**WHAT YOU NEED TO DO:**
Set down the data below in full and exactly, minus the pictures.

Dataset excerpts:

↓

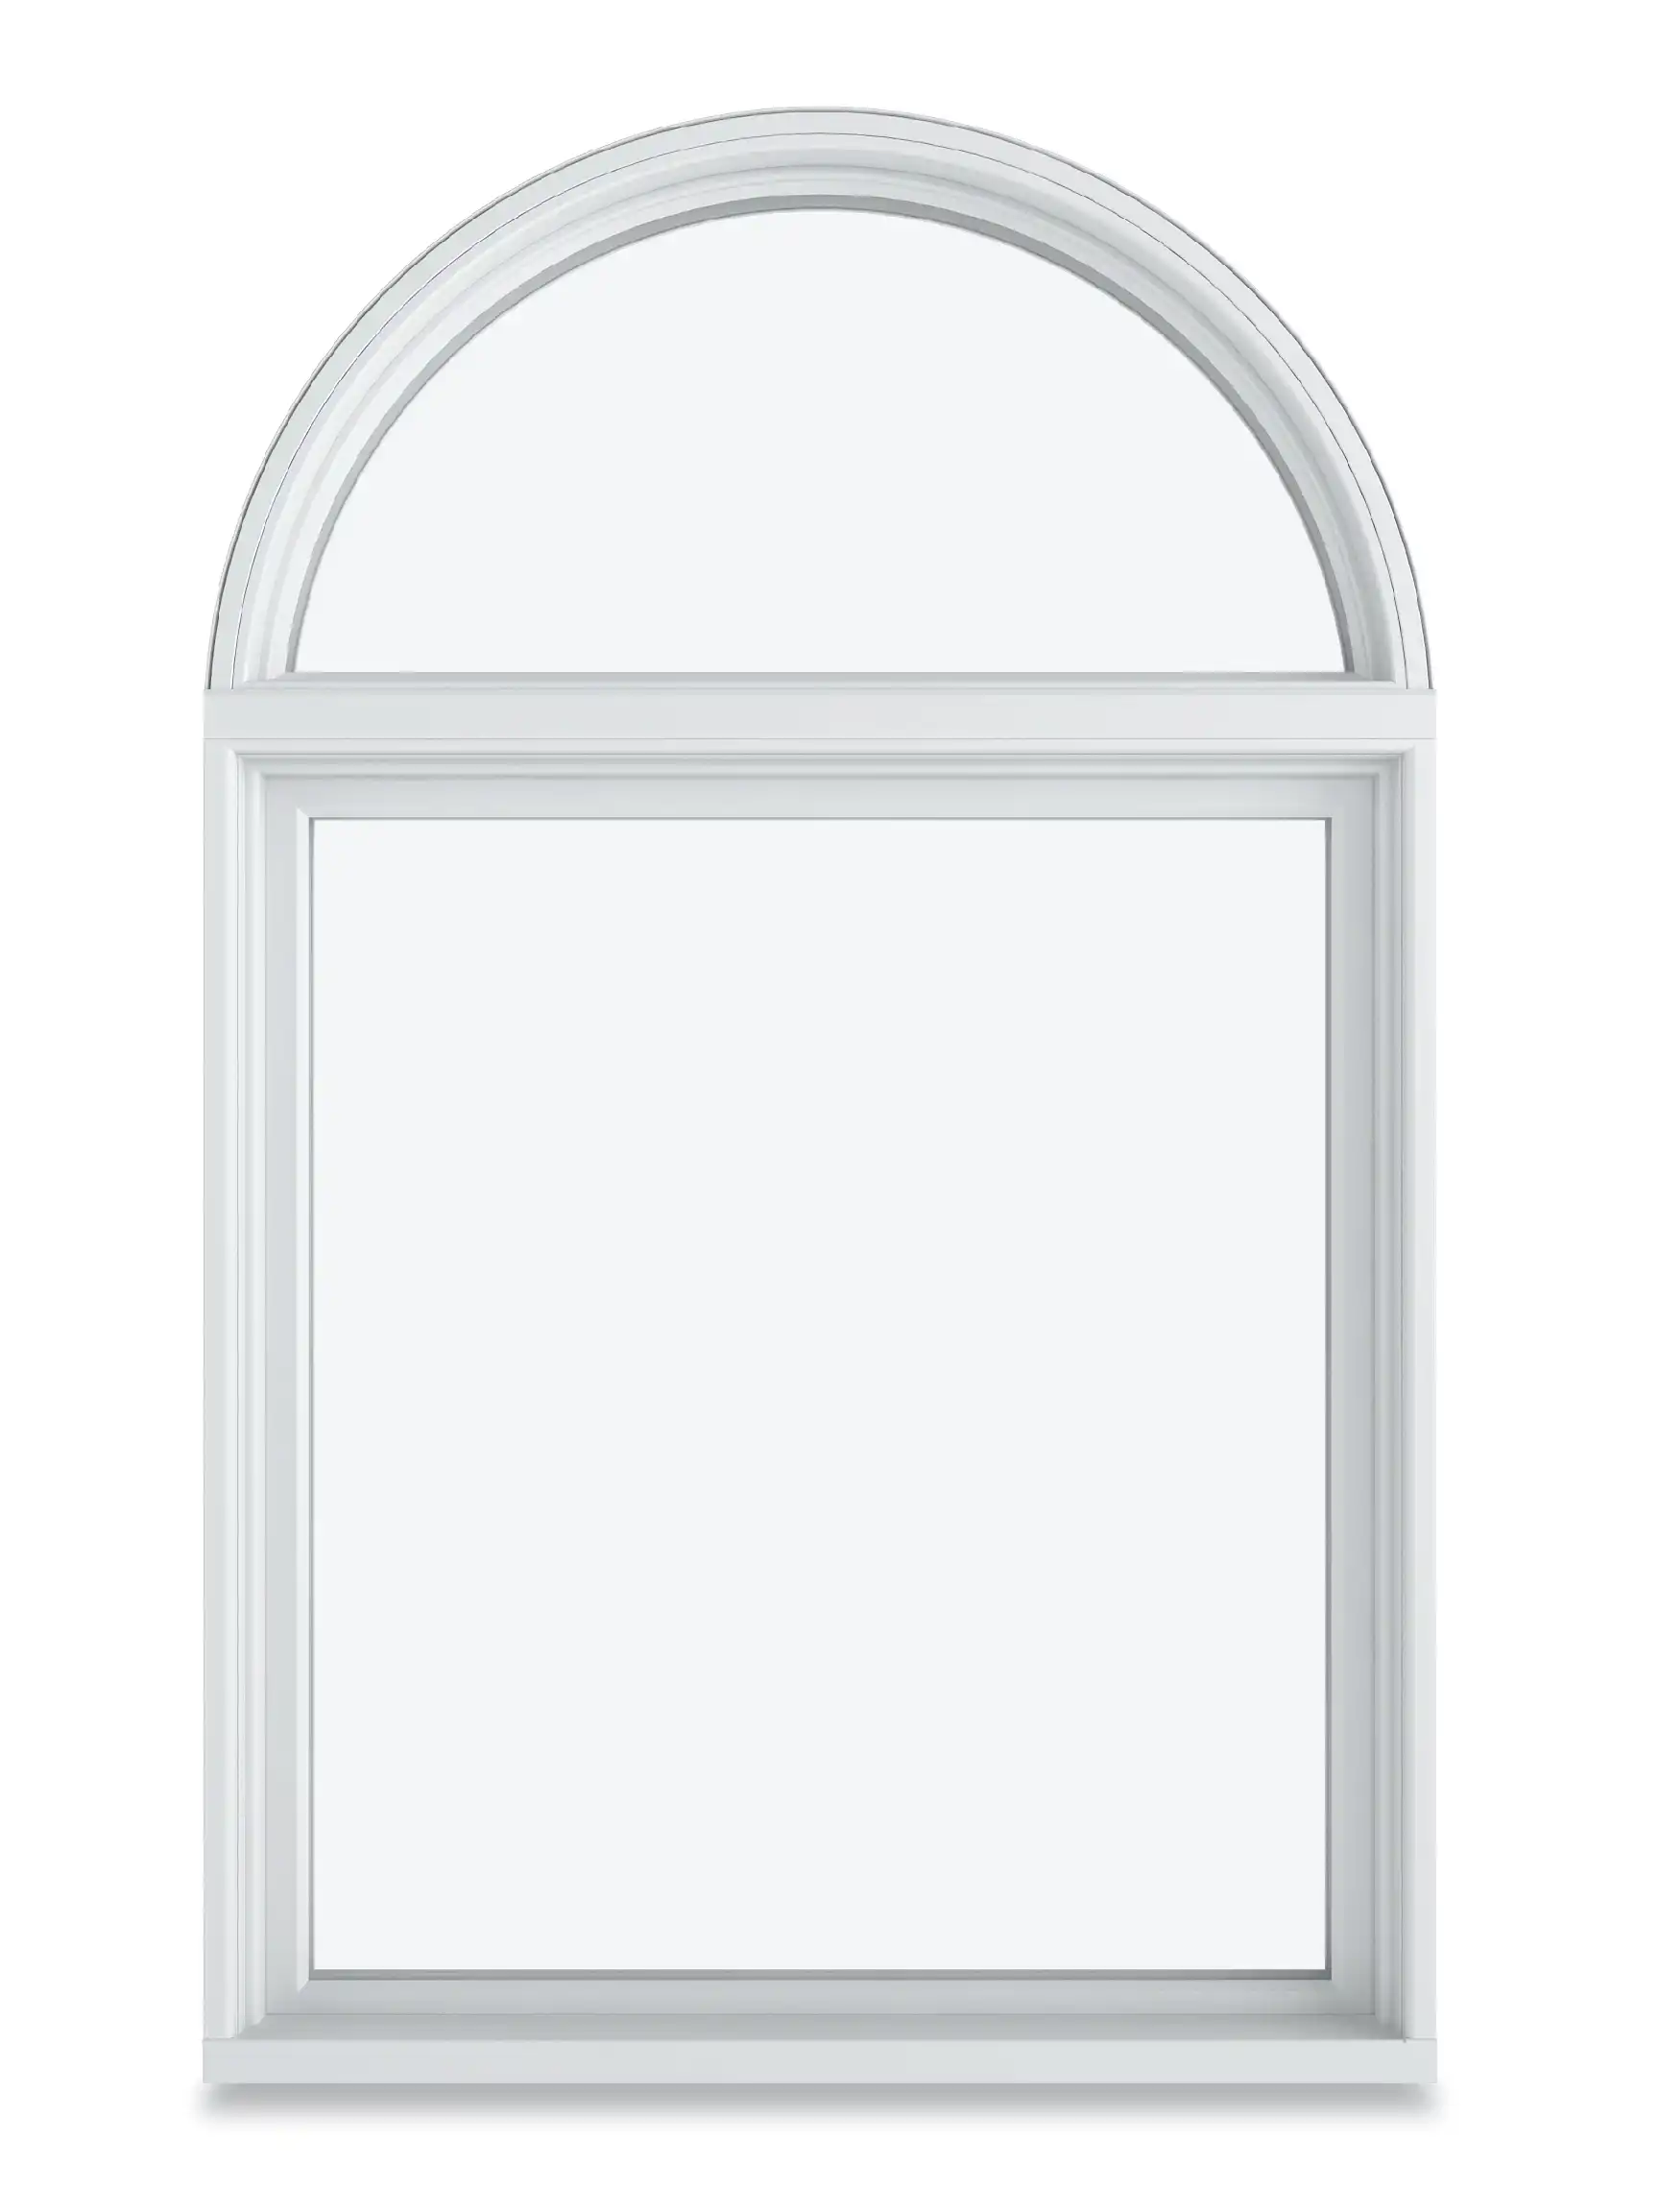 Image of a white Marvin Replacement Picture Window with a Half Round Window above it.
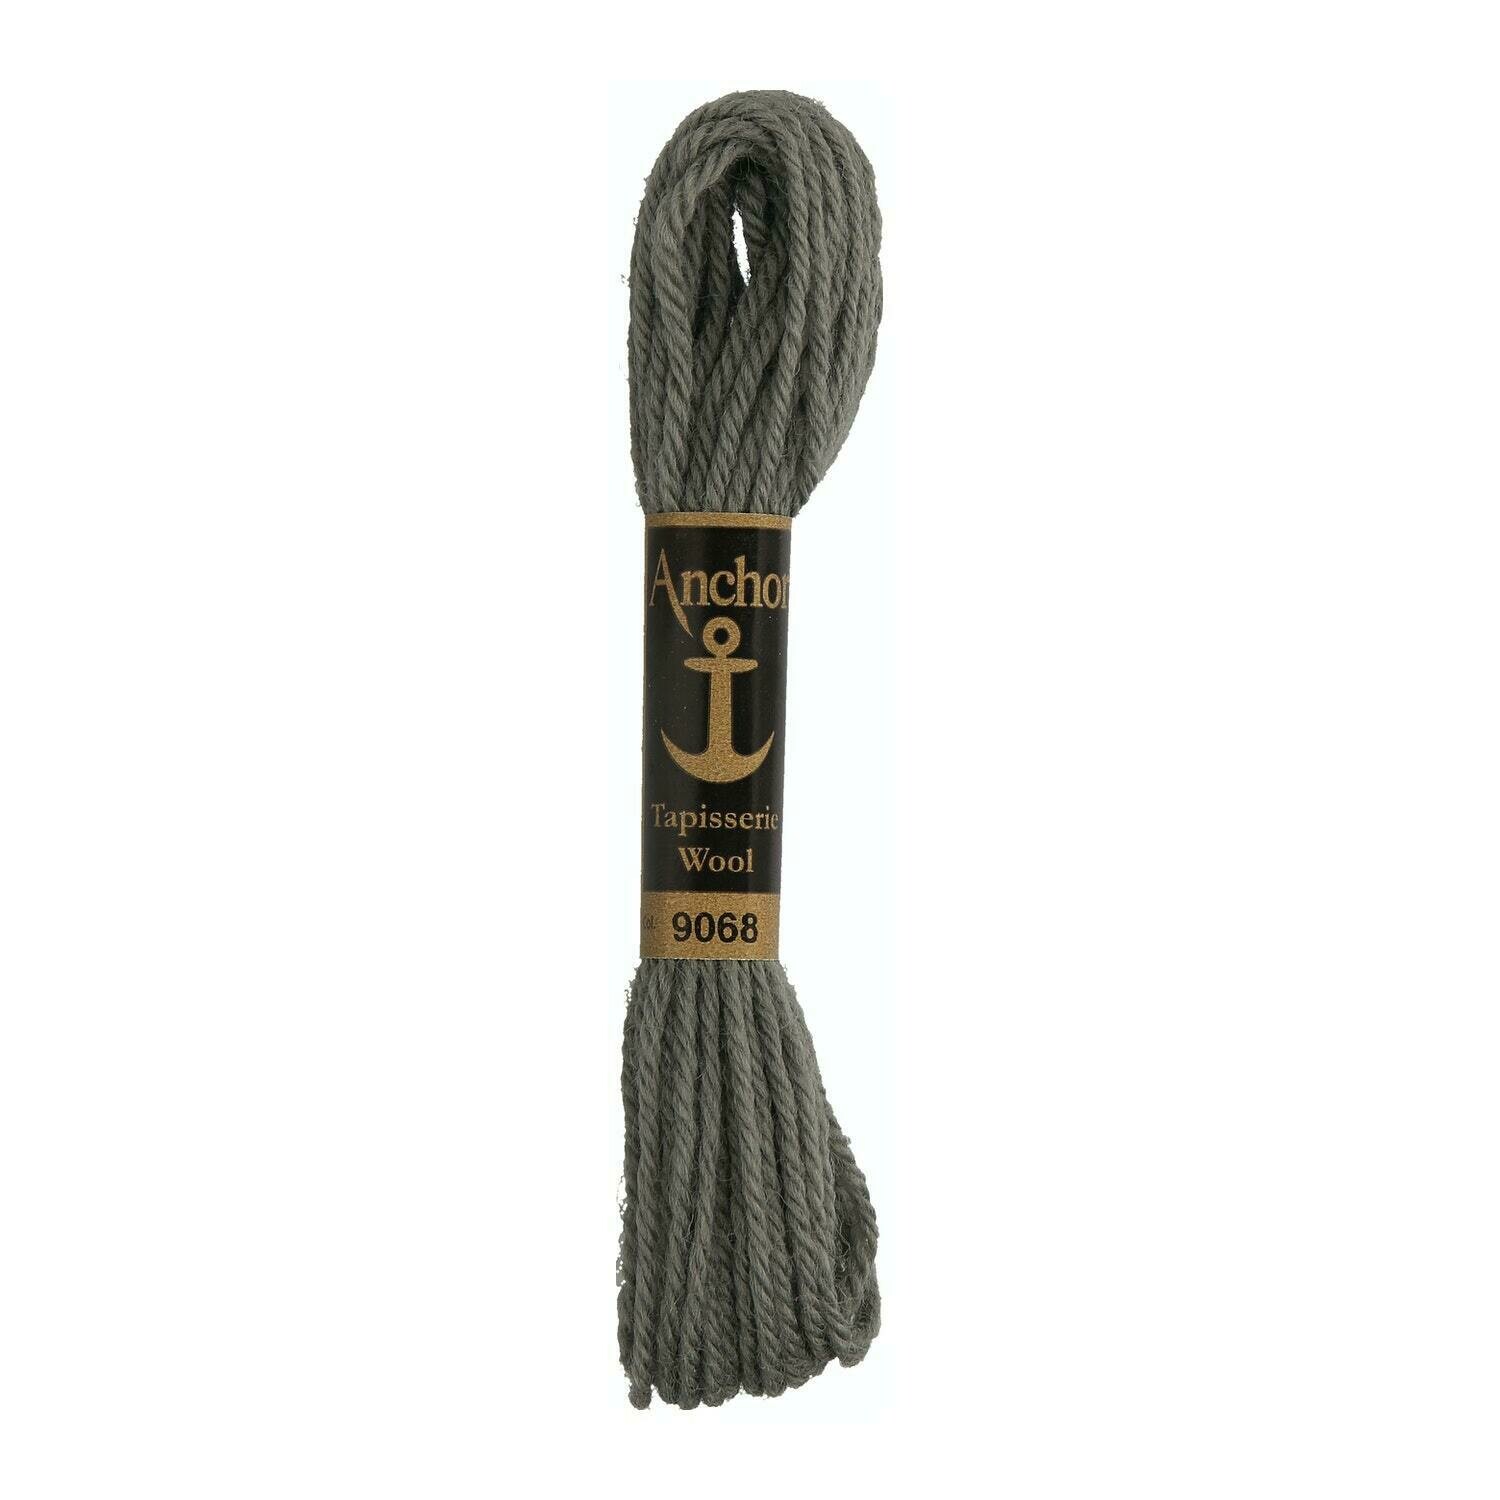 Anchor Tapisserie Wool #09068
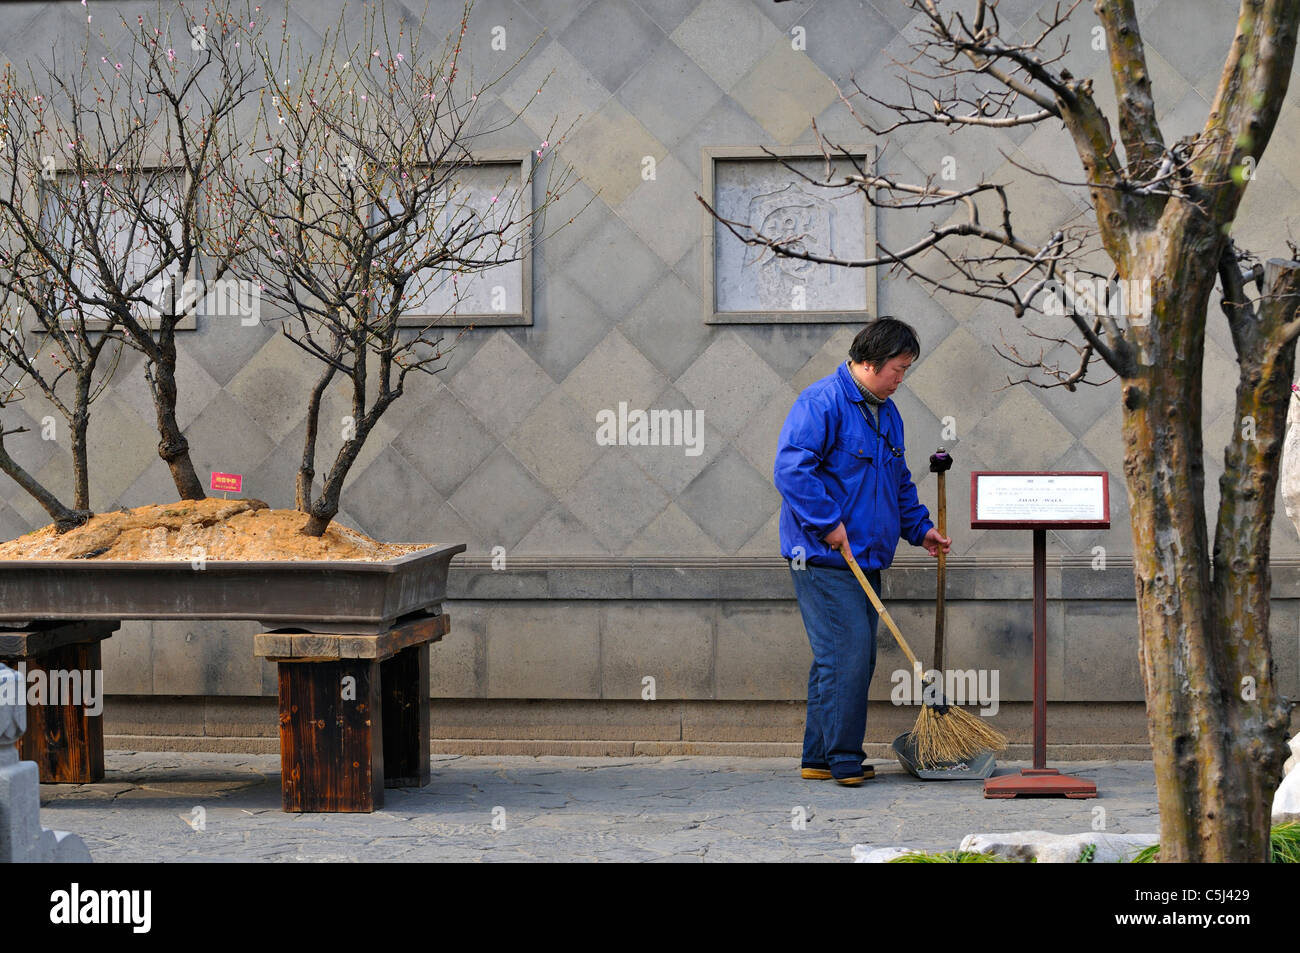 An blue-uniformed attendant tidies up a paved area with shrubs and trees, YuYuan Gardens, Shanghai, China Stock Photo
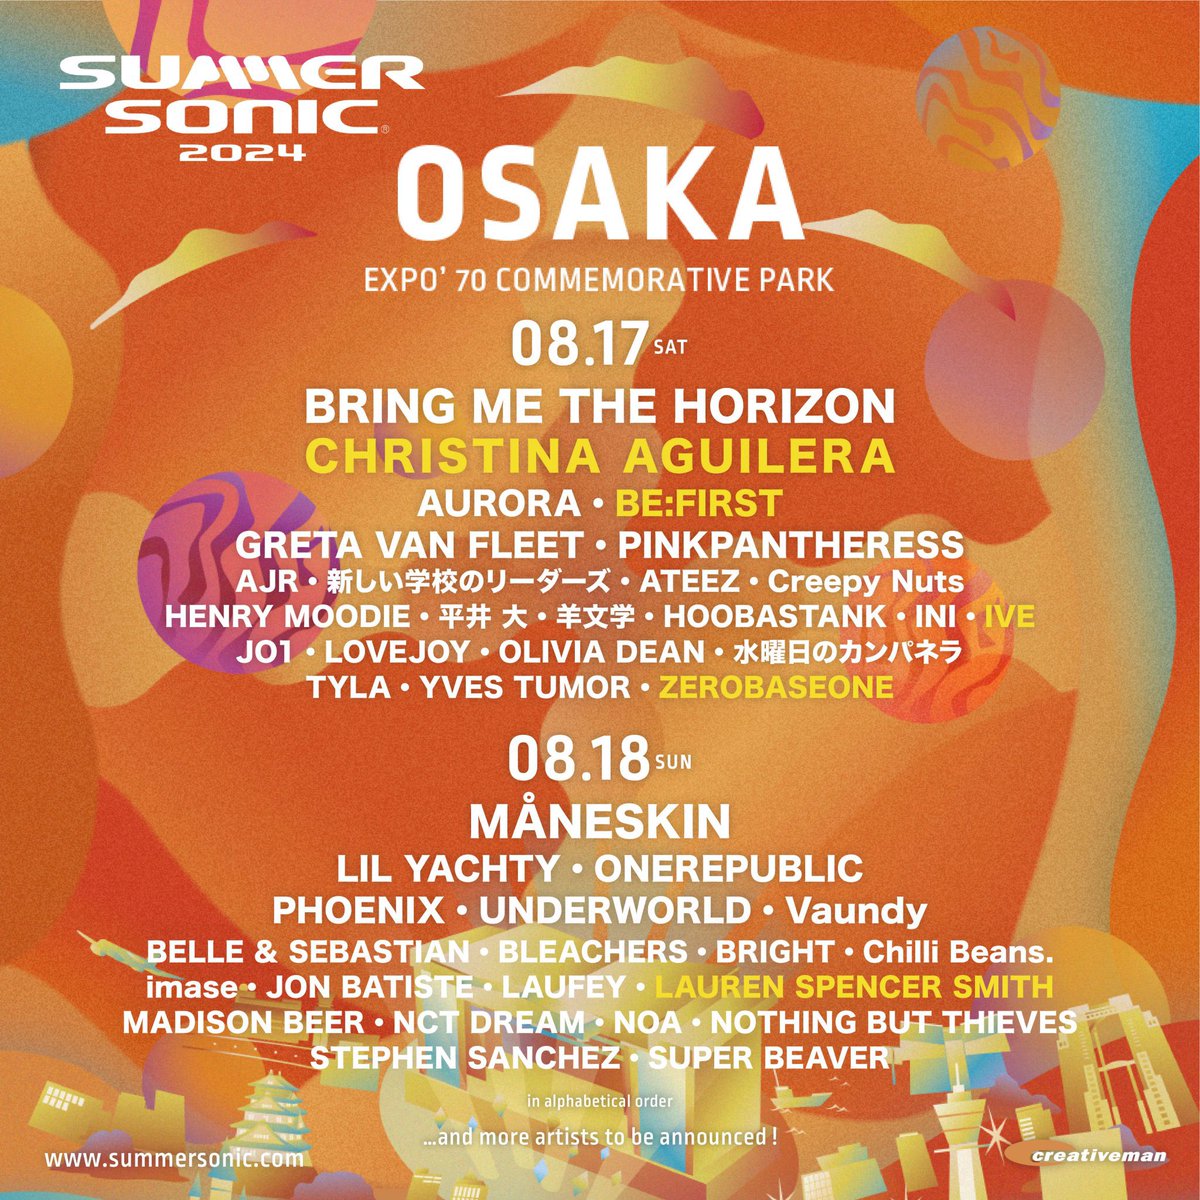 BE:FIRST in Sommer Sonic!
ATEEZさんも同じ日だ！
#BEFIRST #Summersonic2024

↑

**RESPONSE TO THIS EXERCISE:**
 Image of a white Marvin Replacement Picture Window with a Half Round Window above it.
 Anchor Tapisserie Wool #09068
 An blue-uniformed attendant tidies up a paved area with shrubs and trees, YuYuan Gardens, Shanghai, China Stock Photo
 BE:FIRST in Sommer Sonic!
ATEEZさんも同じ日だ！
#BEFIRST #Summersonic2024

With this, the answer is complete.